Crisis Management

Last week I spent three days in a Crisis Management training program.  There were 42 of us in class, representing University Police, Facilities, Residence Life and Housing, Parking, ARAMARK/food service, Communications, Chaplain’s office, Counseling Center, IS, Student Health, Athletics, HR, Budget/Finance, and a few more offices.

These would be the folks who would potentially be the first to respond to a campus disaster and/or who would be charged with arranging logistics and putting things in place to make sure your students’ needs were taken care of during and after an emergency.   And as a mother myself and knowing that there is nothing more precious in the world than our children, the first thing I want you to hear is that in a crisis, I would trust the people in that Crisis Management room without hesitation.  

The people on Crisis Management are smart, prepared, and well trained.  More than that, they are good people who work well together.  And all of them have the safety of your kids and the rest of campus as their top priority.  I want to say a special word of thanks to our University Police officers.  They train regularly as a department, but also work very well with city and county EMS, Fire, PD and others so that everyone is familiar with the campus and we have solid plans in place.

During our training class, we studied a number of case studies of other college crises (natural disasters, active shooters, hostage situations).  It is scary, wearying stuff.  We talked about efficient operations before, during, and after a disaster.  And then we did a WF-specific drill where we were presented with an imaginary disaster (in this case, natural disaster plus fire) and worked out how we’d approach it.

The second thing I want you to hear is the time for your students (and you) to think about and prepare for an emergency is NOW, not during the crisis.  We have a great website called Wake Ready that gives emergency preparedness information.  Your students need to be aware of things like how they would be notified in a crisis (cell phone text message, email, potentially also outdoor siren) and they should be accustomed to looking at their cell phone/email for official messages.  They need to know about what to do if they need to evacuate a building, or what to do in various emergency situations.  They also must understand terminology they might see, like what it means if they are told to “shelter in place“.  Wake Ready has all of that information for them.

If there were an emergency on campus, there will be official notifications on the WFU website main page and Wake Alert.  It is important to note that I will not be updating the Parents’ Page during a crisis (I will likely be deployed elsewhere), but you will see an emergency banner at the top of the page linking you to the official news and information.

Related to communication, the third thing I want you to know – and talk about with your students – is that we want students to let parents know they are OK as quickly and safely as they can.  If your student reaches out and tells you he or she is OK, we can help keep our phone lines and personnel here focused on the emergency.
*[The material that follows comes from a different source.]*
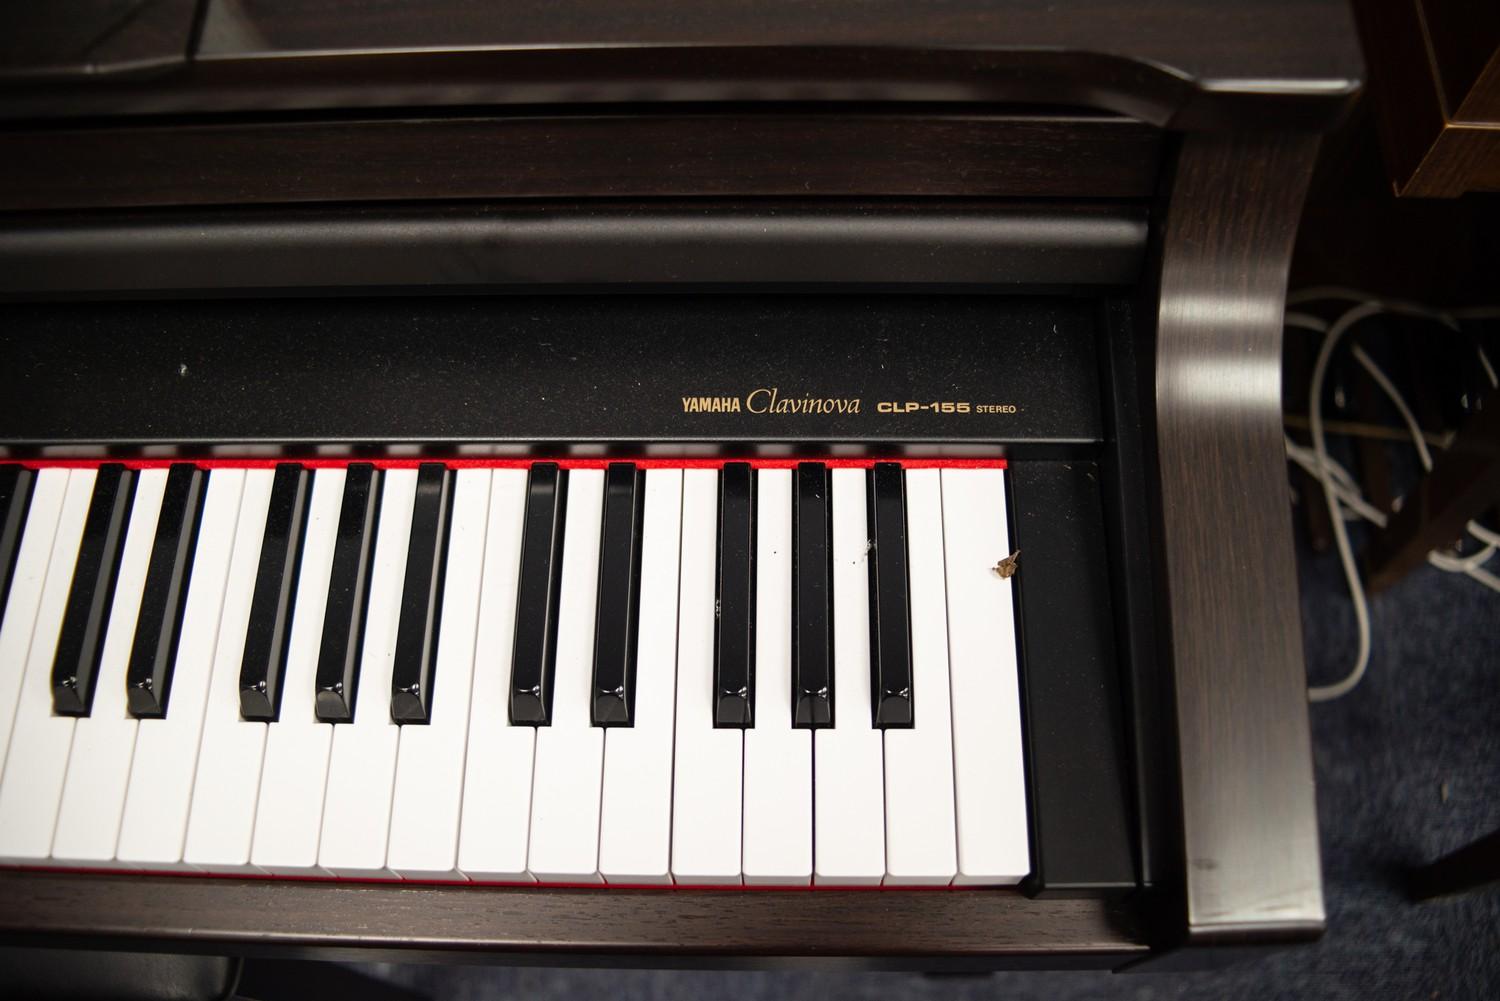 YAMAHA 'CLAVINOVA' SEVEN OCTAVE KEYBOARD, MODEL CLF-155 STEREO WITH METRONOME AND REVERB MULTI-MID - Image 6 of 7

My fourth point for you is we would ask both students and parents to follow directions and recommendations that are communicated to you.  For example, if we say that the campus is closed except for emergency vehicles, please do not attempt to drive onto campus (we will work out ways for you to reach your students and communicate those pickup points when the situation is stable).

No one wants to think about emergencies and crises, but it is to everyone’s benefit to plan and prepare now.  Though it is scary stuff, it is stuff we need to talk about.  So urge your students to be familiar with Wake Ready, and you as parents and families read it all too.

And this is the final thing I want you to hear: God forbid anything terrible was happening, our University Police  would be the ones running TOWARD the crisis and putting themselves in harm’s way so the rest of us can stay safe.  I have the utmost respect for Chief Lawson and her team.  They are ready to give it all on any day for us.